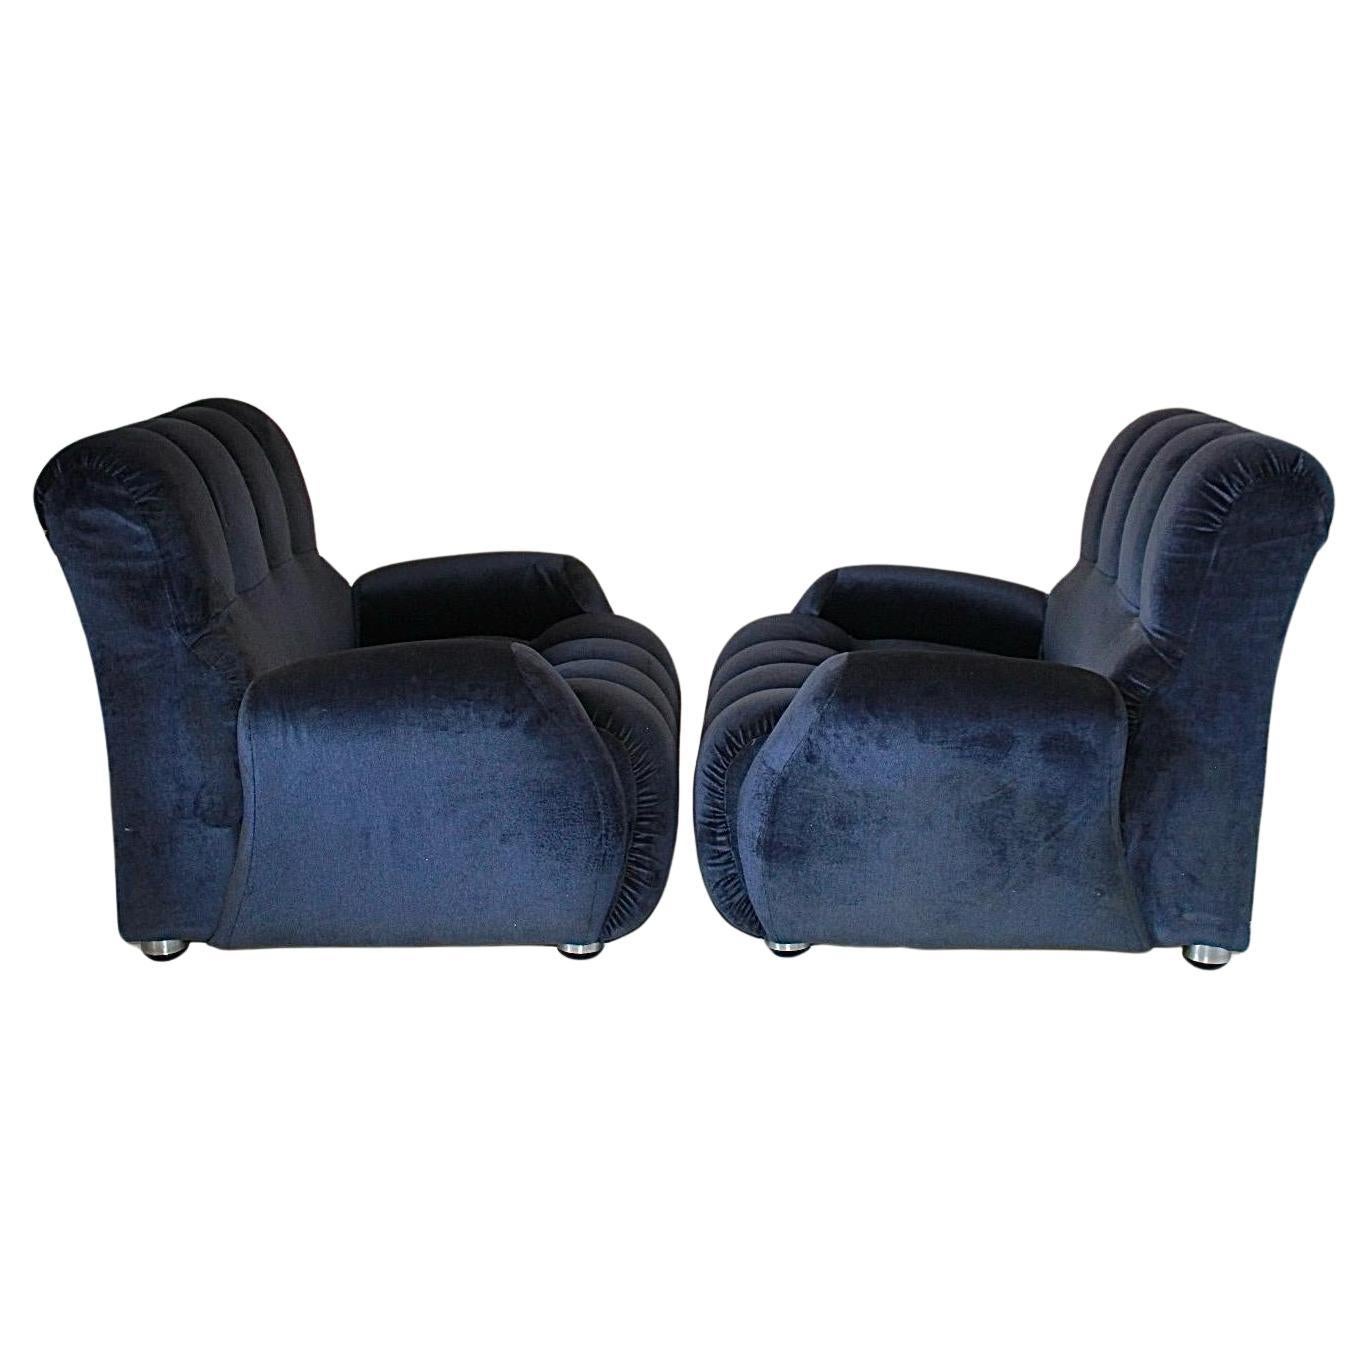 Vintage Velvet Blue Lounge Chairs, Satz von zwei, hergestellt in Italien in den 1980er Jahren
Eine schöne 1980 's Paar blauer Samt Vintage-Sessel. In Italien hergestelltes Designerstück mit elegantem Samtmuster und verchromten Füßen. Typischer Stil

...

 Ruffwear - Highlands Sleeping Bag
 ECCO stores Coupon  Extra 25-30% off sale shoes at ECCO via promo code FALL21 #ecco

==

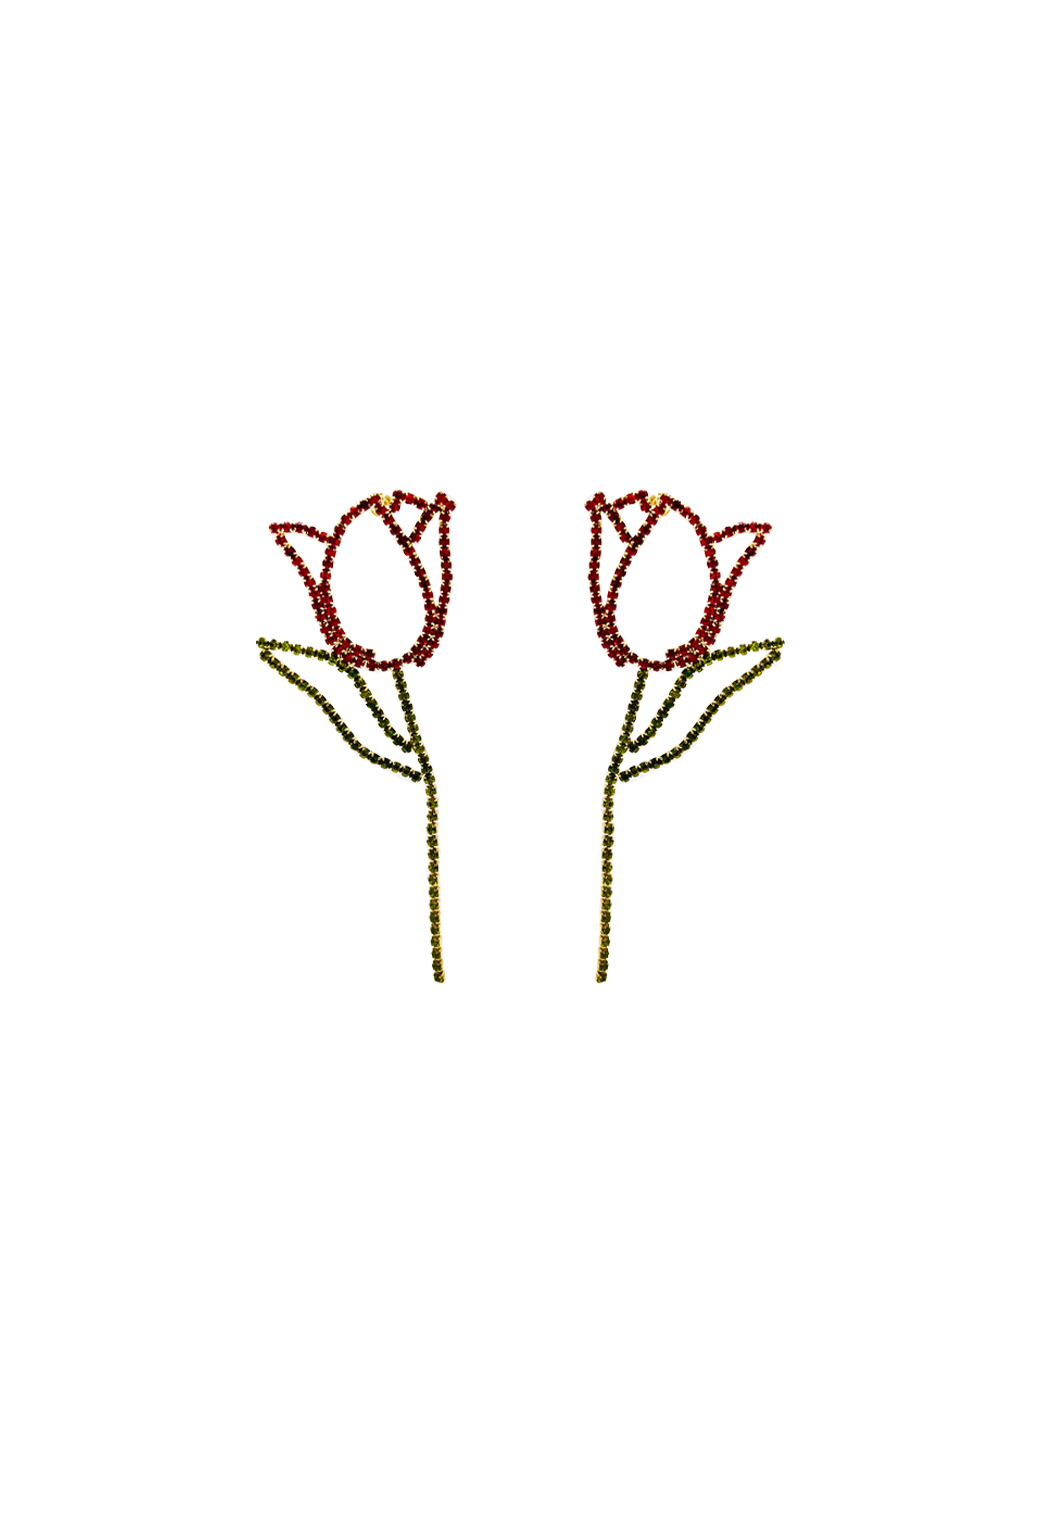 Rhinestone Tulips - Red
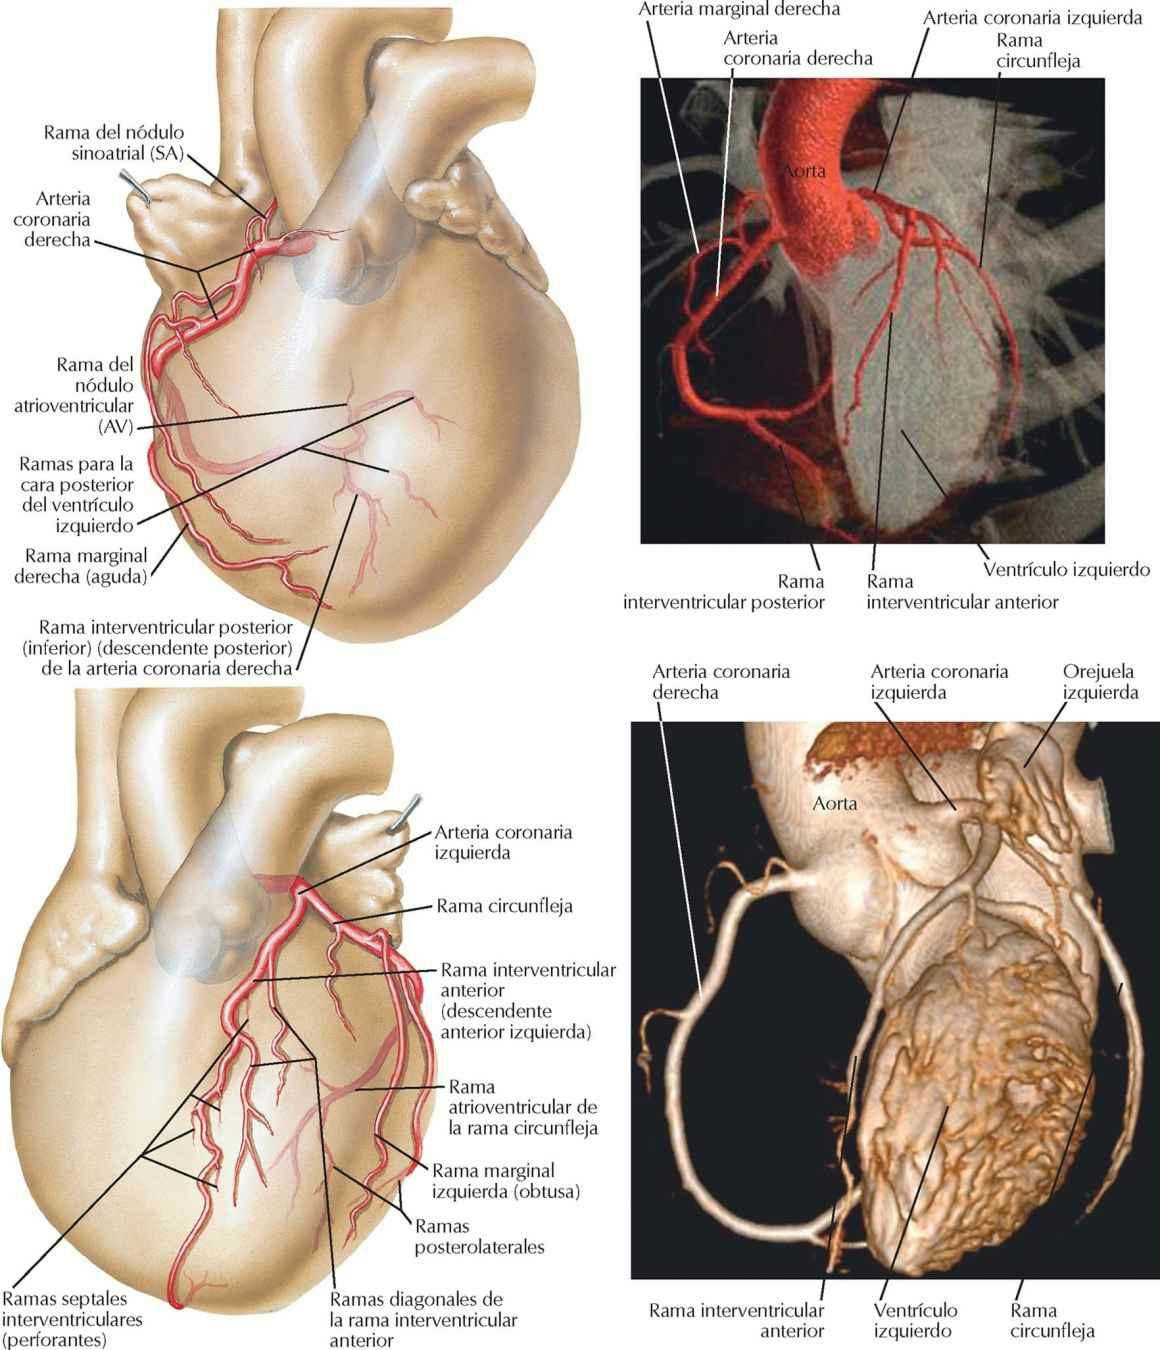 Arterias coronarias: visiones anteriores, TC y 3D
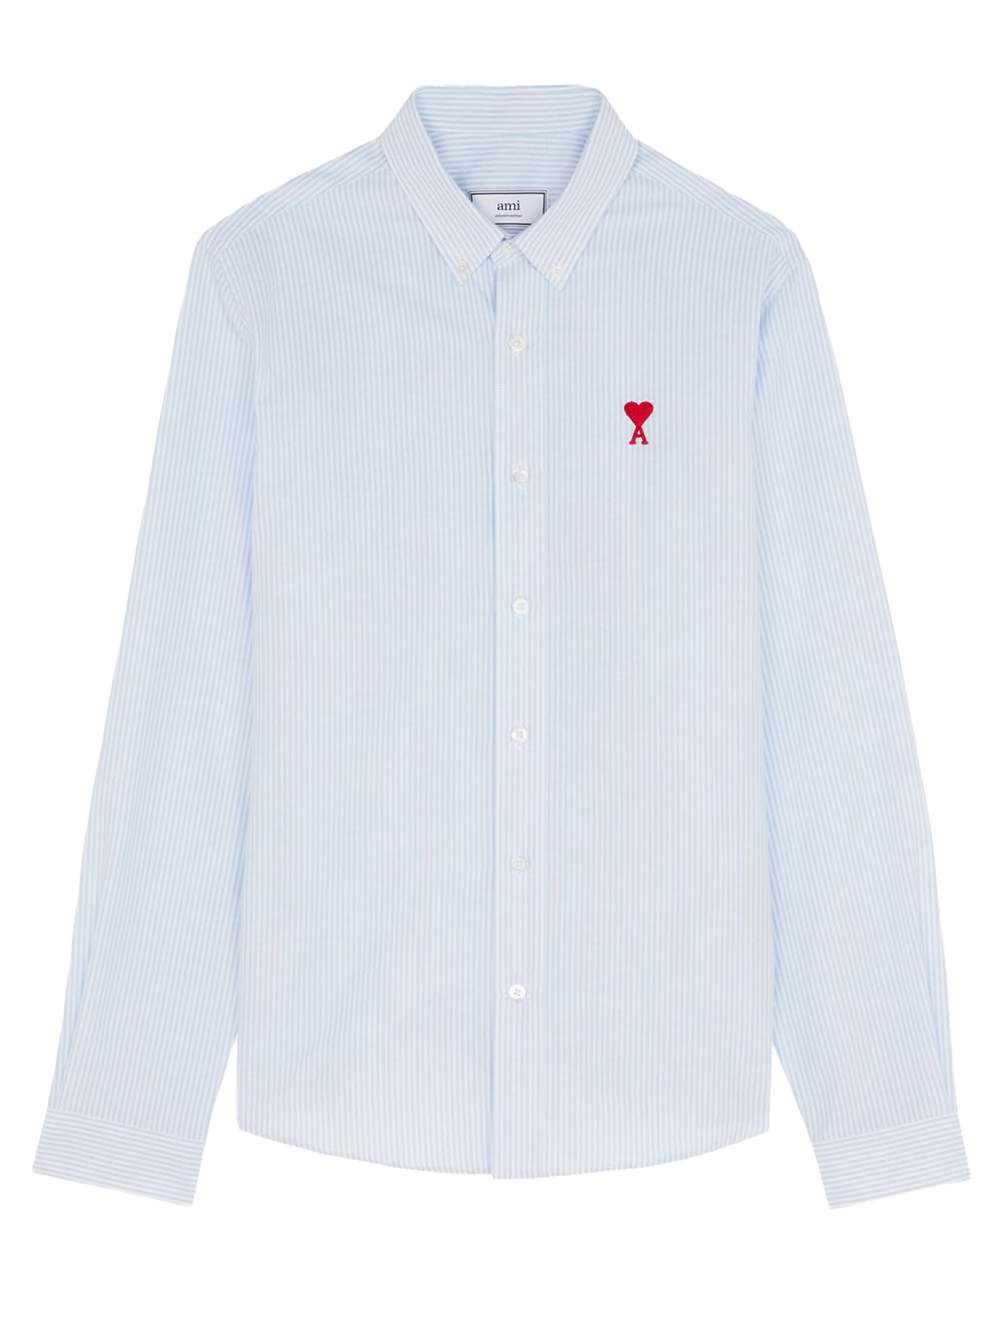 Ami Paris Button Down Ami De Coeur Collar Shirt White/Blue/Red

## Aim of the exercise
Only the lines starting at the one that includes "Vintage Velvet Blue" and ending at the one that includes "Eine schöne 1980" should be retyped, exactly, from the records above; no pictures.

## Solution for this problem
 Vintage Velvet Blue Lounge Chairs, Satz von zwei, hergestellt in Italien in den 1980er Jahren
Eine schöne 1980 's Paar blauer Samt Vintage-Sessel. In Italien hergestelltes Designerstück mit elegantem Samtmuster und verchromten Füßen. Typischer Stil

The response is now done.